所以，如果关心内存的使用情况，了解netty内存池的分配非常重要，关于这个发现这篇文章写的很好

然后根据自己的业务情况，以及可能的线程数，预估最大的内存耗费. 或者直接压测， 23333

还有，如果业务线程也使用了PooledBytebuf 的话，同理.

于是，知道了这个原因后, 为了验证下，于是在 decoder 里面用 UnpooledHeapBytebuf 做一次内存拷贝，然后试试看是否能修复。

代码如下

switch (messageType) {
  case xx1:
    message = new Message();
    message.setBody(Unpooled.copiedBuffer(in));
    out.add(message);
    break;
  case xx2:
    break;
}

压测后发现，老年代依然会逐步增加，最终导致fullgc

objectDump 后发现大量的Recycler 和 WeakHashMap 对象。明明Unpooled 申请Bytebuf 的时候并没有和ThreadLocal相关，为何还会有Recycle呢？

后来发现是在 business Thread writeAndFlush 的时候, 会区分线程, 如果是在 IO 线程 writeAndFlush 则会直接调用，不然则是提交一个runnable

private void write(Object msg, boolean flush, ChannelPromise promise) {
    AbstractChannelHandlerContext next = findContextOutbound();
    final Object m = pipeline.touch(msg, next);
    EventExecutor executor = next.executor();
    if (executor.inEventLoop()) {
        if (flush) {
            next.invokeWriteAndFlush(m, promise);
        } else {
            next.invokeWrite(m, promise);
        }
    } else {
        AbstractWriteTask task;
        if (flush) {
            task = WriteAndFlushTask.newInstance(next, m, promise);
        }  else {
            task = WriteTask.newInstance(next, m, promise);
        }
        safeExecute(executor, task, promise, m);
    }
}

提交任务后, 依旧是从 ThreadLocal 中获取 WriteAndFlushTask ，这里的 WriteAndFlushTask 被重用了。

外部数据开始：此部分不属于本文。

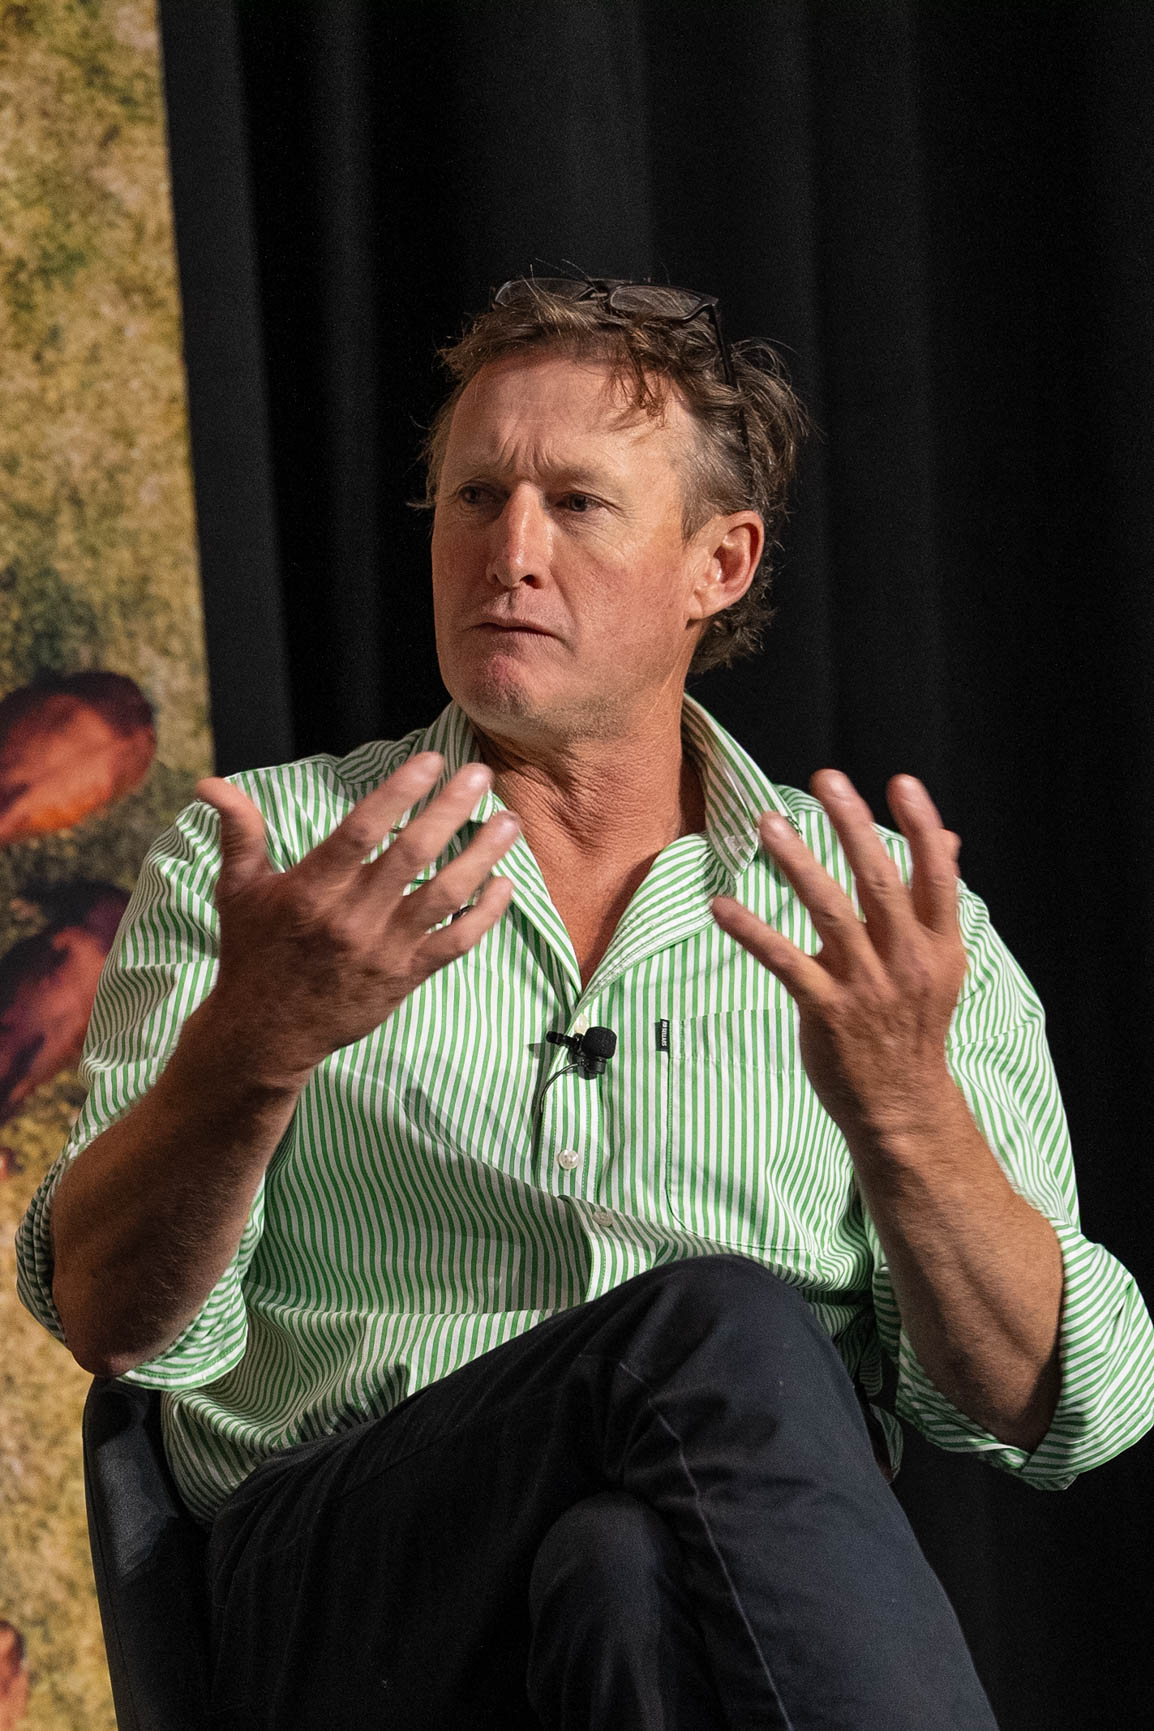 Man wearing a green striped shirt talking on stage and using his hands.

这里可以肯定，这里的 WriteAndFlushTask 一定是会在IO线程释放, 如果和上面的 PooledByteBuf 比较，岂不是内存泄漏了？

我们继续看下去，看释放的时候做了些什么

private static void safeExecute(EventExecutor executor, Runnable runnable, ChannelPromise promise, Object msg) {
        try {
            executor.execute(runnable);
        } catch (Throwable cause) {
            try {
                promise.setFailure(cause);
            } finally {
                if (msg != null) {
                    ReferenceCountUtil.release(msg);
                }
            }
        }
    }

这个 executor 其实就是当初调用 businessThread 的 ChannelHandlerContext 这里插播一句， ChannelHandlerContext 和 eventLoop 是一对多的关系，前者为一，后者为多

也就是说，这个runnable被提交到 eventLoop 去了，

// NioEventLoop / SingleThreadEventExecutor#execute
public void execute(Runnable task) {
    if (task == null) {
        throw new NullPointerException("task");
    }

    boolean inEventLoop = inEventLoop();
    if (inEventLoop) {
        addTask(task);
    } else {
        startThread();
        addTask(task);
        if (isShutdown() && removeTask(task)) {
            reject();
        }
    }

    if (!addTaskWakesUp && wakesUpForTask(task)) {
        wakeup(inEventLoop);
    }
}

ps，这里的逻辑和我以前看tornado 的eventLoop 的大逻辑差不多，但是 netty 多了不少细节(细节以后有时间再展开，这里就说说大体流程)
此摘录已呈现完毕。